I think you're missing a breaking news article.
 
Yep. Sorry about that. I didn't realize this was just for sharing breaking new articles. I will be more careful about where I put it in the future.
Don't feel bad, almost all of my dings from the mods were due to posting the wrong stuff here. It happens to all of us.
 
Don't feel bad, almost all of my dings from the mods were due to posting the wrong stuff here. It happens to all of us.
I normally hate moderation. I left my last forum because of heavy-handed moderators. But I agree with sub-forum-specific subject rules, to help people find the stuff they want to discuss, so I'm happy to learn that rule and will do my best to follow it.
 
I just posted a similar thought in a new thread, but with a slightly different emphasis. I may just import it here, although I hate cross-posts.

"I've been in a number of discussions regarding the divergence of "Red" and "Blue" America, here and elsewhere. Just this week, the leak of the Dobbs draft opinion has reinvigorated the debate.

America’s Blue-Red Divide Is About to Get Starker (Atlantic)​

"As abortion rights are rolled back in certain states, the gap between the country’s two dominant political coalitions will widen."

As with just about every current issue, there is a stark divergence of opinion between "conservative" America, and "liberal" America. But, having studied the circumstances, this is really a matter of geography and demographics as much as politics, and that is why it is such a tough nut to crack. I agree with the conclusion that the divide is about to get starker, but there is so much to it. In a 2020 study, UNLV produced
Blue Metros, Red States: America's Suburbs and the New Battleground in Presidential Politics (UNLV).

From the latter, there is this graphic
countycartrb512.png


I know it looks weird, but it illustrates just how intransigent the issue is. What it represents is where the Republican and Democratic votes are, and their relative strength. Blue States have large conservative voting blocks, and even in the Reddest of Red States (with a few exceptions), there are large bastions of Democratic voters - Bozeman, Montana; Austin and Houston, Texas; Memphis and Nashville, Tennessee; Kansas City and St. Louis, Missouri. What is also points out is, Red State, Blue City: How the Urban-Rural Divide Is Splitting America (Atlantic).

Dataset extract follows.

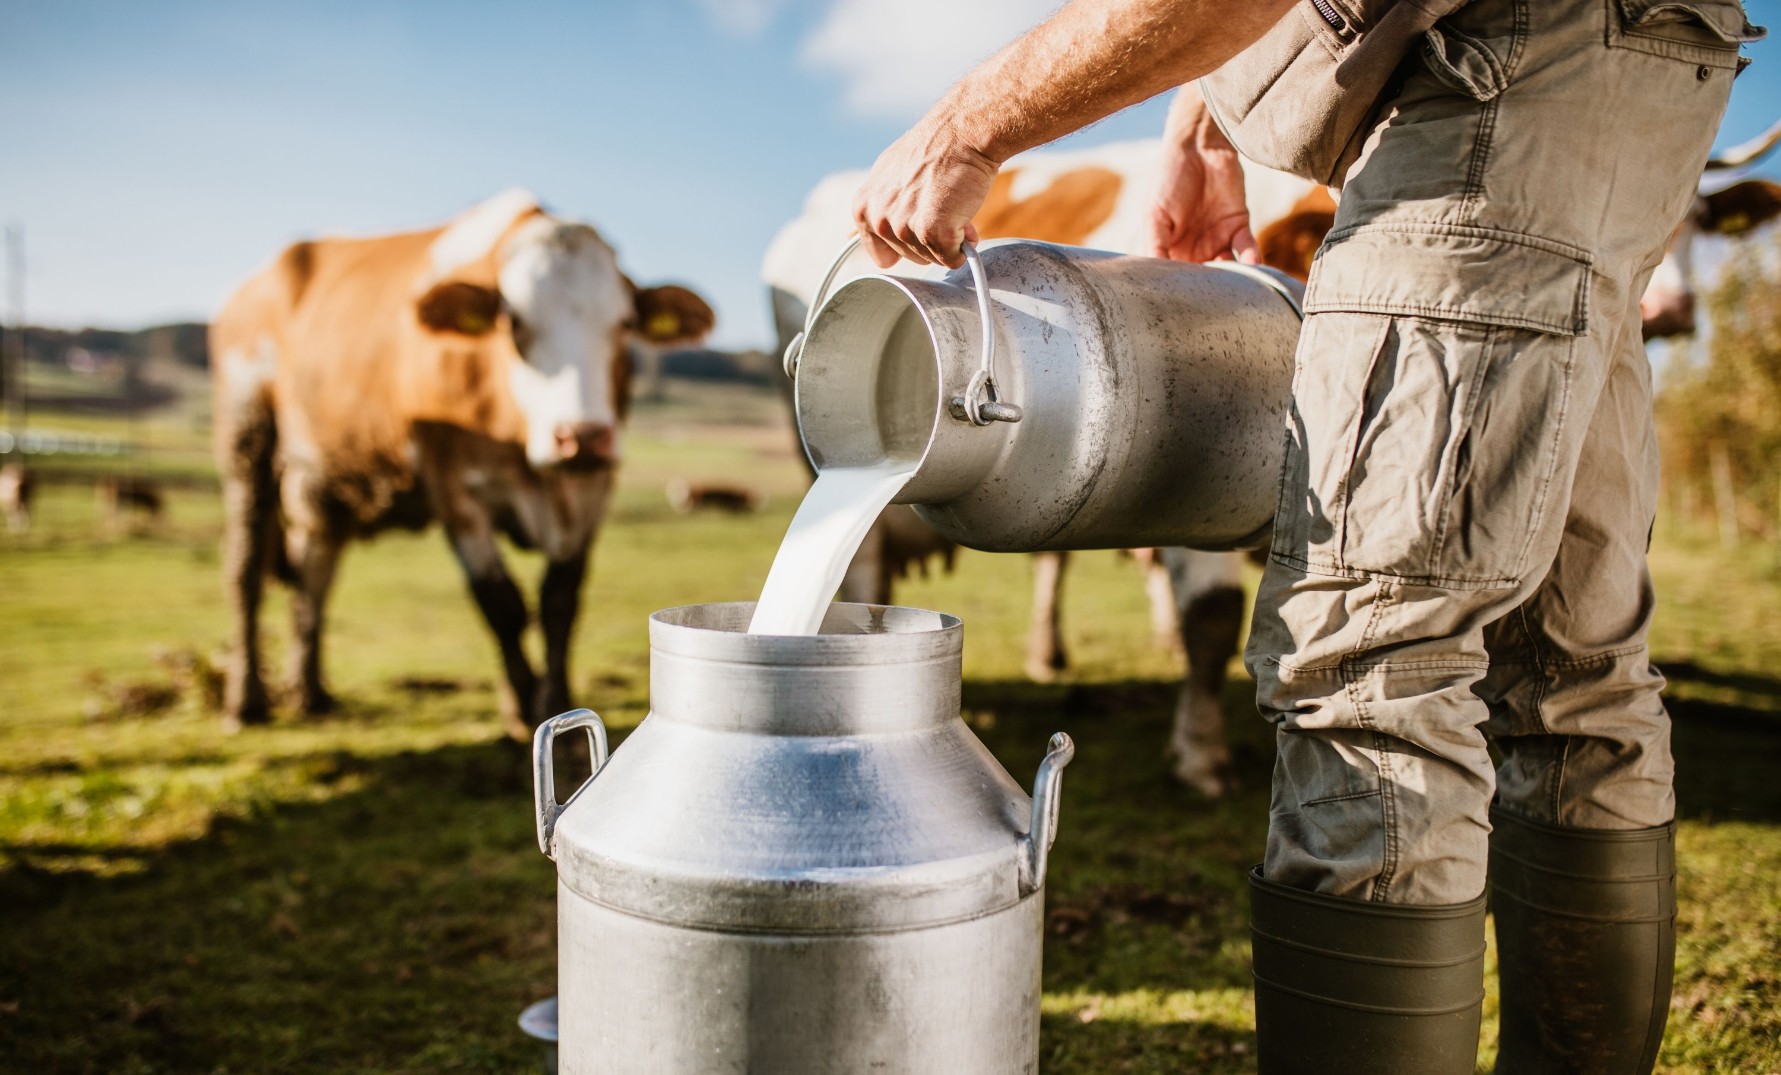 trendovi u proizvodnji mlijeka proizvodnja mlijeka

Given that, how do we divvy up the country? "Partisan lines that once fell along regional borders can increasingly be found at the county level. What does that mean for the future of the United States?"

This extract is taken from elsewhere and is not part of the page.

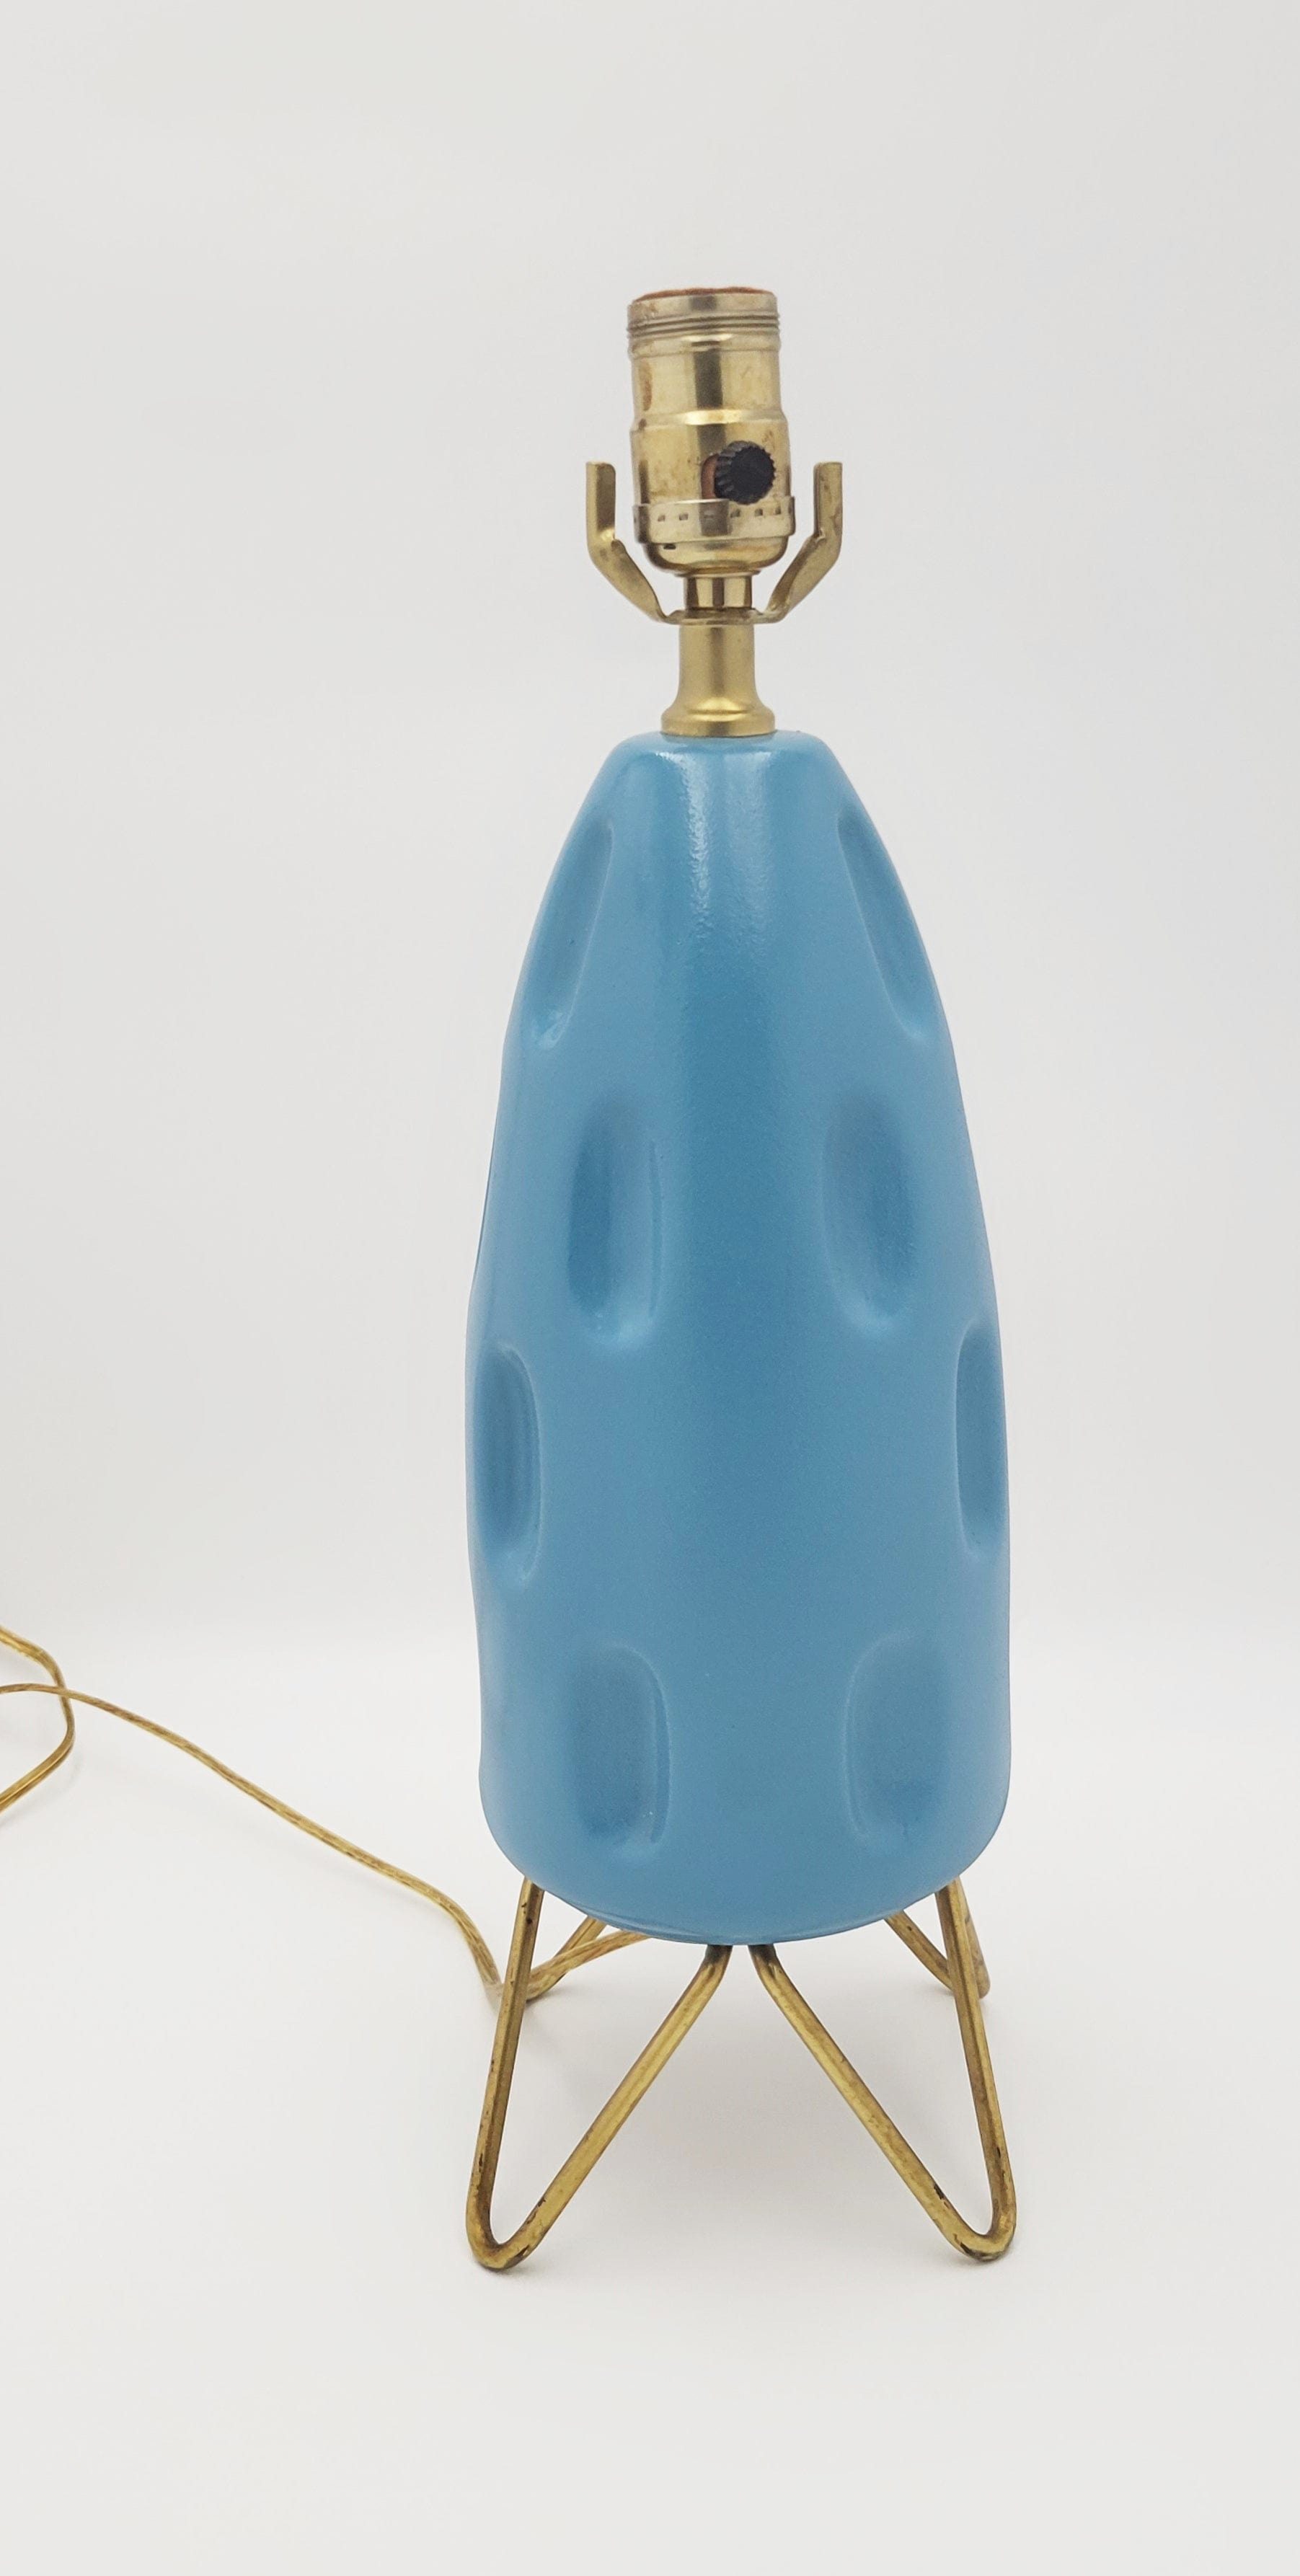 Gonder Bradley Lamp Lighting Gonder-Bradley Retro Turquoise Ceramic & Brass Hairpin Table Lamp 1960s

Even in my county and State, the rural/urban divide is pretty profound. In Washington, 3/4 of the population lives along the I-5 corridor, but that represents only 1/3 of the State's geography. East Pierce and King County doesn't resemble the West side (where Tacoma and Seattle are) at all. The 2020 election results are instructive: Joe Biden won Washington 58.4% to 39 percent, but only 10 of 39 counties. The same trend applies all over the country. "The difference is no longer about where people live, it's about how people live: in spread-out, open, low-density privacy -- or amid rough-and-tumble, in-your-face population density and diverse communities that enforce a lower-common denominator of tolerance among inhabitants.

The voting data suggest that people don't make cities liberal -- cities make people liberal."

What Dobbs will potentially bring to the fore is the vicious and visceral divide between politicians and their constituents, and between the rural, urban, suburban and exurban areas. People are going to feel trapped in foreign territory, no matter which side of the divide they reside on."